Although it’s concerning that the defense let Griffin drive down the field three consecutive times, it was the lack of a killer instinct from Chip Kelly and the Eagles offense that is most troubling. While at Oregon, Kelly was known for his past-paced offense that never relented. On Sunday, however, the Eagles were in conservative mode throughout most of the second half, which is something that cannot happen again if they hope to finish atop the NFC East.
The Eagles’ vertical offense was limited throughout most of the game. The longest play was a 49-yard pass to LeSean McCoy, on a throw that traveled a mere 10 yards in the air. Last week was a different story for the Eagles who completed three deep touchdown passes, opposed to the three short runs that resulted in points this week. While nothing is wrong with running the ball when inside the 5-yard line, shifting to a conservative offense when ahead by 24 points isn’t what championship teams do.

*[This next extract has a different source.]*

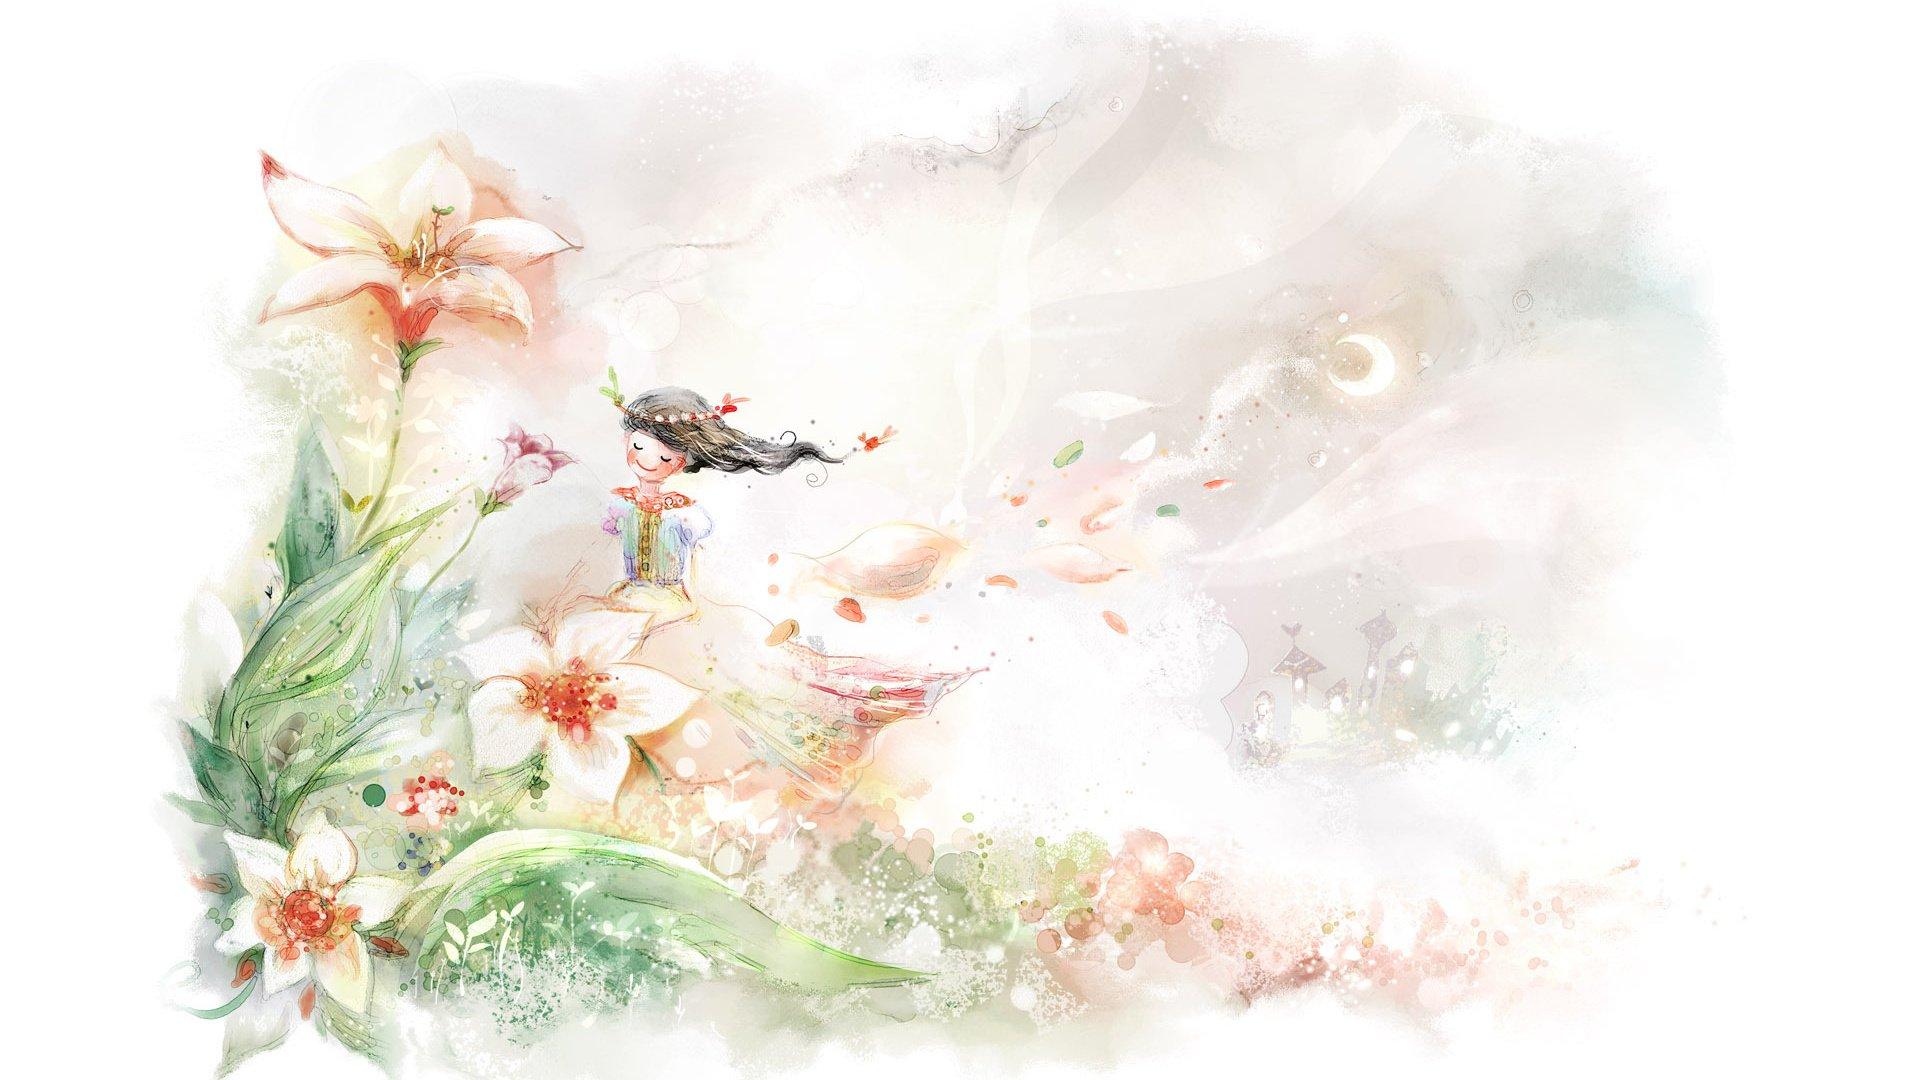 амулеты удачу нежные цветы картинка пнг что прикольные звонки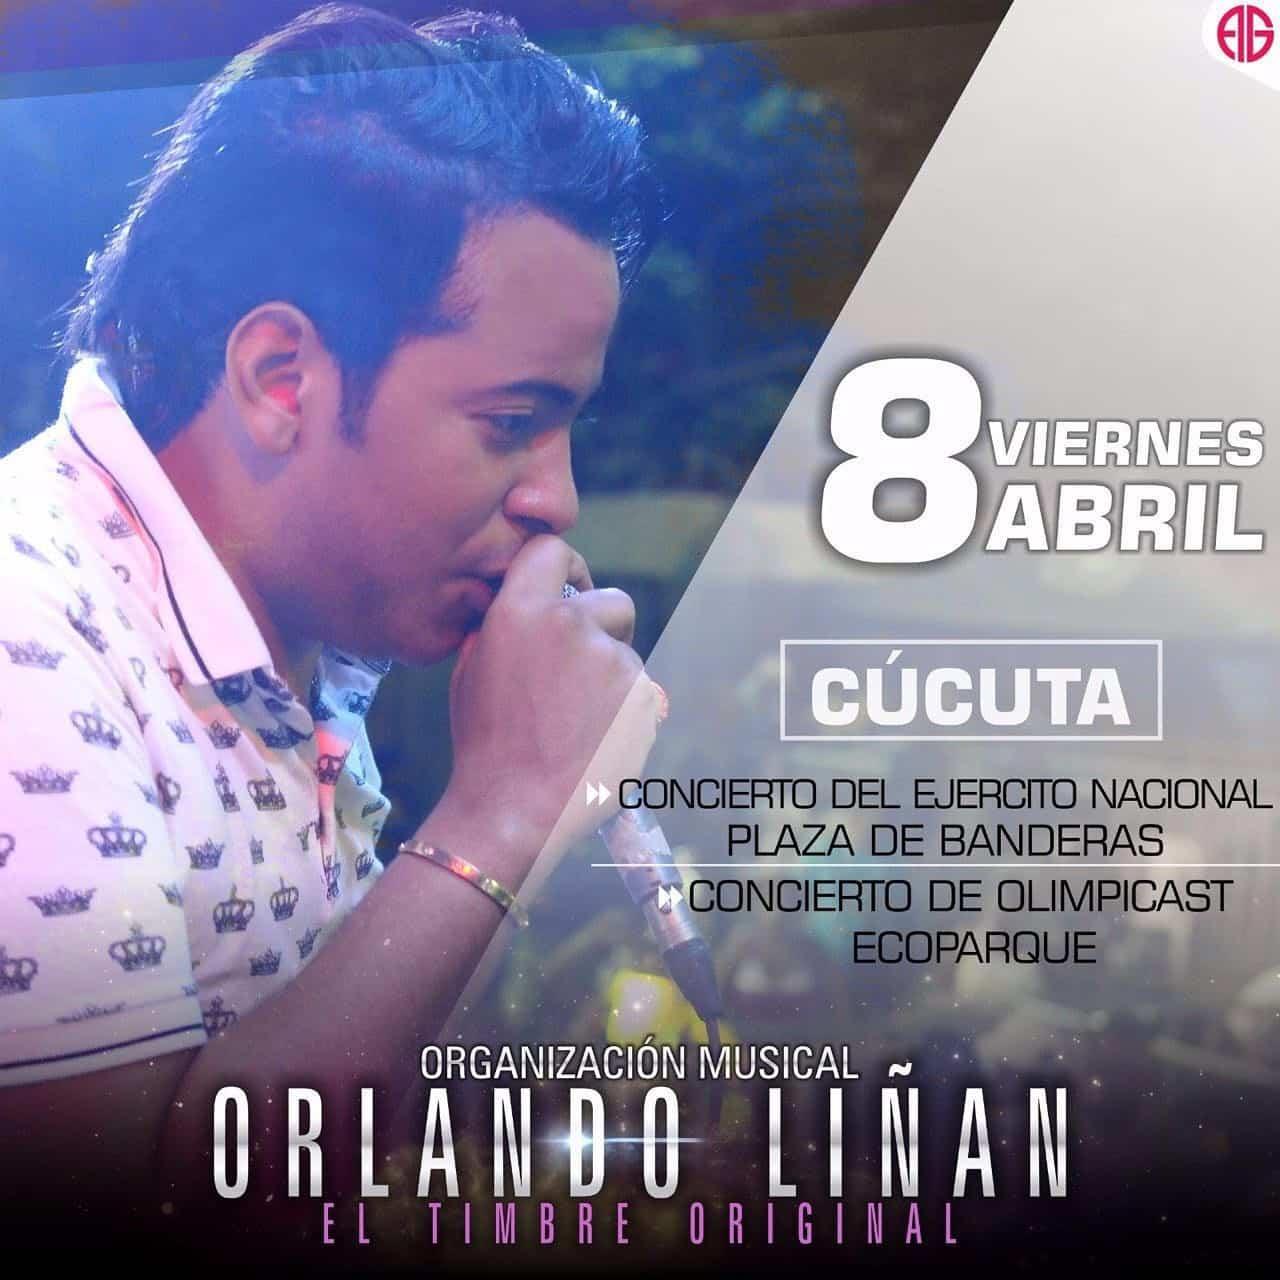 Orlando Liñan en Cucuta

The Eagles are still very much a playoff threat as they sit at 6-5 after their victory Sunday, and are atop the NFC East standings, half a game ahead of the idle Dallas Cowboys. If the Eagles hope to finish out the season strong, and make an impact in the playoffs, their offense simply cannot become stagnant in the second half like it did this Sunday as their defense isn’t good enough to be trusted with any size lead.